Instead of looking at changes within subgroups (conditional on $X$), RIF regression helps us estimate how changes in covariates shift the *overall*, or *unconditional*, distribution of $Y$.
Let $F_Y$ be the original distribution of $Y$, and suppose an intervention shifts it to $G_Y$. For a statistic $\nu$ (like the mean, a quantile, or variance), we want to estimate:
$$
\Delta\nu = \nu(G_Y) - \nu(F_Y),
$$
i.e., how that statistic changes when the distribution shifts. RIF regression provides a way to estimate how different variables contribute to such shifts.
### Influence Functions (IF)
The influence function measures how sensitive a statistic is to a small change in the data. More precisely, it tells us how much an individual observation $y$ influences a statistic like the mean or a quantile.

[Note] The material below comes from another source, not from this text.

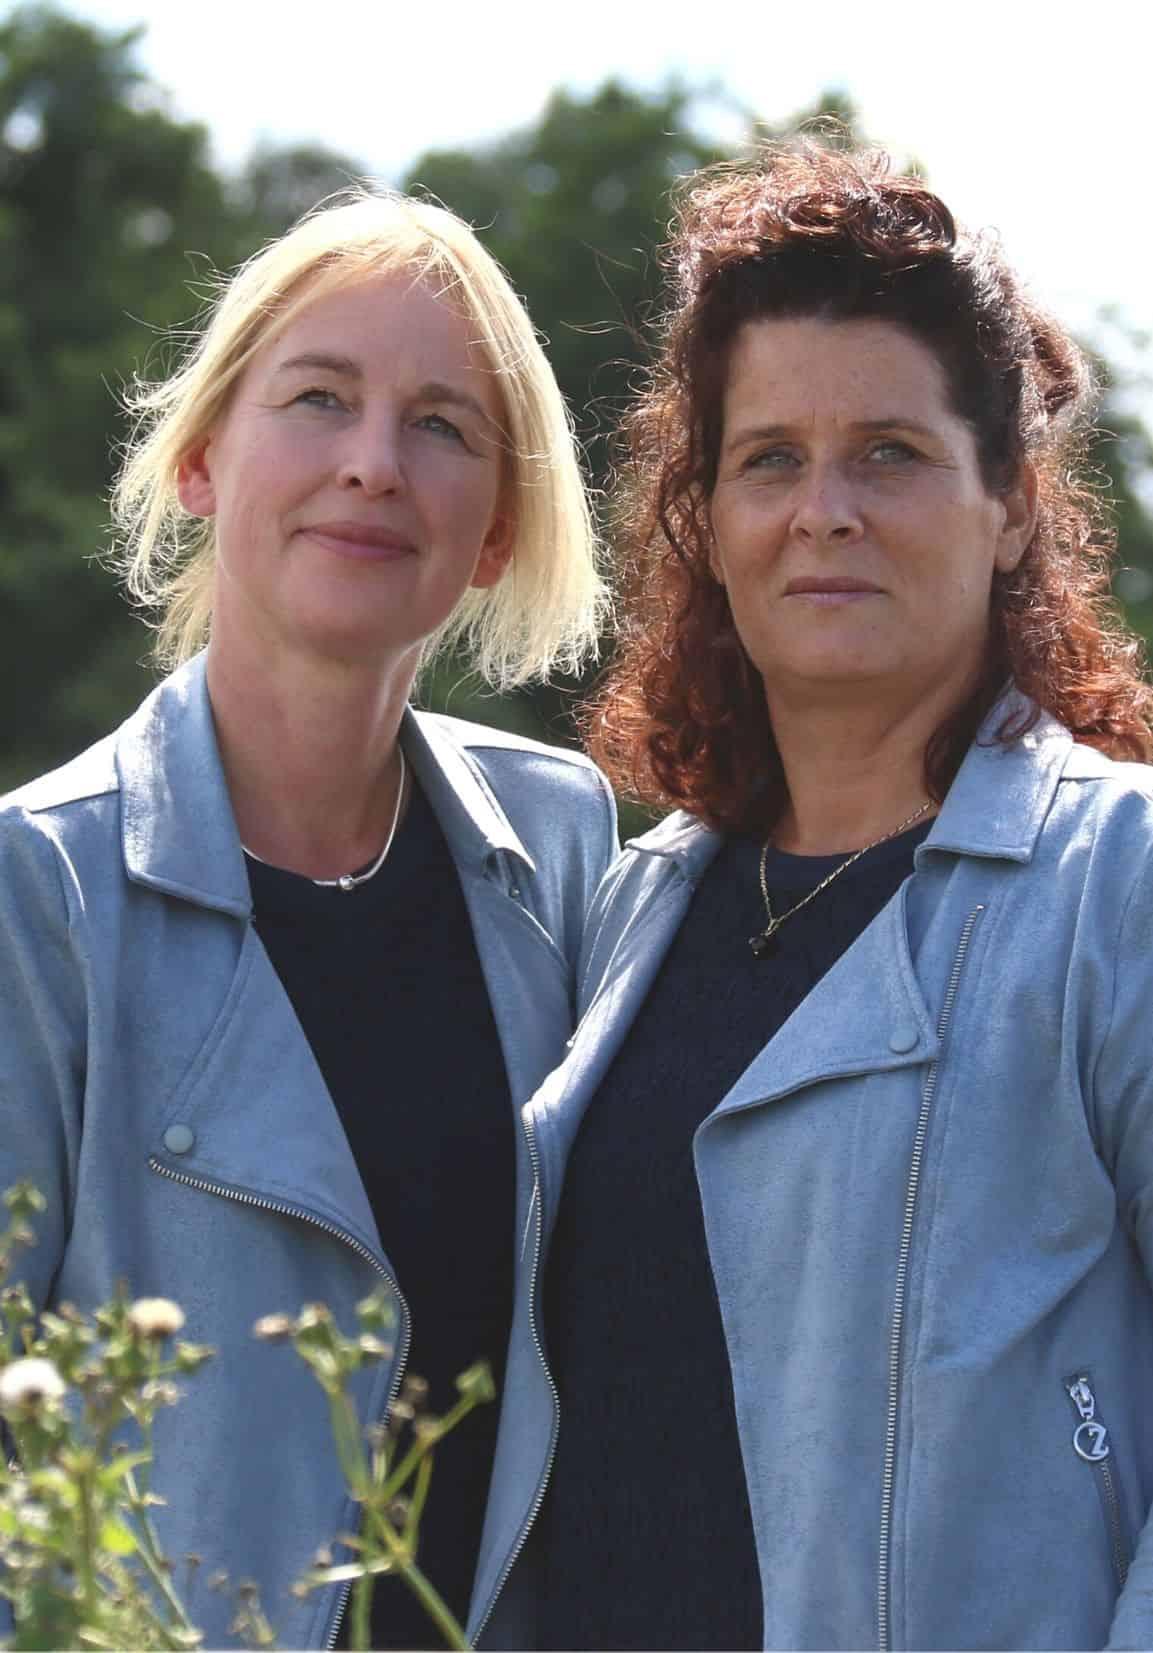 Alien Bisschop en Jacqueline Wissing Uitvaartbegeleiding

Formally, imagine a slightly perturbed distribution:
$$
F_\varepsilon = (1 - \varepsilon) F + \varepsilon\, \delta_y,
$$
where $\delta_y$ is a point mass at $y$. Then the influence function is:
$$
\mathrm{IF}(y; T, F) = \lim_{\varepsilon \to 0} \frac{T(F_\varepsilon) - T(F)}{\varepsilon}.
$$
This gives us a first-order approximation of how $y$ affects the statistic $T$.
### Recentered Influence Functions (RIF)
Because the average of the influence function is always zero, we can’t use it directly in a regression. To fix this, we “recenter” it by adding the original statistic back:
$$
\mathrm{RIF}(y; T, F) = T(F) + \mathrm{IF}(y; T, F).
$$
Now, the expected value of the RIF is equal to the statistic itself:
$$
\mathbb{E}[\mathrm{RIF}(Y)] = T(F).
$$
This makes it a useful outcome variable for regression, allowing us to relate changes in the statistic $T$ to changes in covariates.
### RIF Regression
RIF regression works in two main steps:
1. Estimate the target statistic $T(F)$ (e.g. median or Gini) and compute the influence value for each observation.

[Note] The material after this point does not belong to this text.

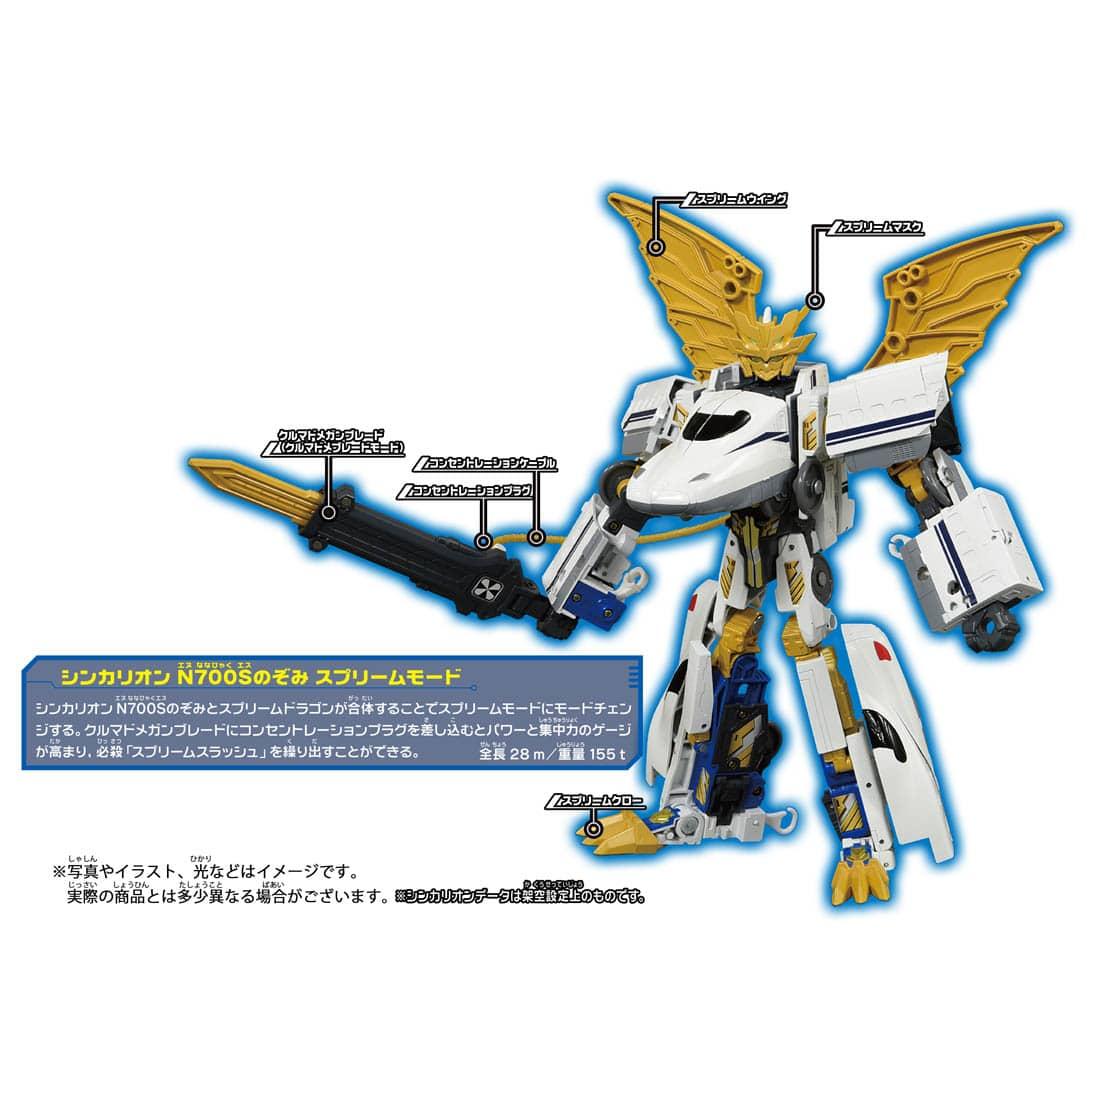 新幹線変形ロボ シンカリオン『DXS シンカリオン N700Sのぞみ』可変プラレール-004

2. Construct the RIF pseudo-outcome for each data point and regress it on $X$ using linear regression:
$$
r_i = x_i^\top \beta + \varepsilon_i.
$$
The regression coefficients $\beta_j$ can then be interpreted as the marginal effect of each $X_j$ on the statistic of interest.

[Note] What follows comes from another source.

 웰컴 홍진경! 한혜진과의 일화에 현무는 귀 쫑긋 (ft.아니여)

### Unconditional Quantile Regression (UQR)
UQR is a special case of RIF regression, where the statistic of interest is an unconditional quantile $Q_\tau(Y)$. For each observation $y_i$, we compute:
$$
r_i = Q_\tau(Y) + \frac{\tau - \mathbf{1}\{y_i \le Q_\tau\}}{f_Y(Q_\tau)},
$$
where $f_Y(Q_\tau)$ is the density at the $\tau$-th quantile. Regressing $r_i$ on $X$ tells us how each covariate shifts the $\tau$-th quantile of the overall outcome distribution.
This is in contrast to conditional quantile regression (Koenker & Bassett, 1978), which examines changes in $Q_\tau(Y \mid X)$—a different and often less intuitive object for understanding broad policy effects.
### Confidence Intervals
Since RIFs are estimated in a first step before regression, the usual OLS standard errors are biased. To correct this, inference proceeds in two stages:
1. Estimate the statistic $T$, the influence function, and any needed density estimates.
2. Run the regression and compute corrected standard errors using bootstrap.
The package includes support for bootstrap inference out of the box.
## References
* Firpo, S., Fortin, N. M., & Lemieux, T. (2009). *Unconditional Quantile Regressions*. Econometrica, 77(3), 953–973.
* Koenker, R., & Bassett Jr, G. (1978). Regression quantiles. Econometrica: journal of the Econometric Society, 33-50.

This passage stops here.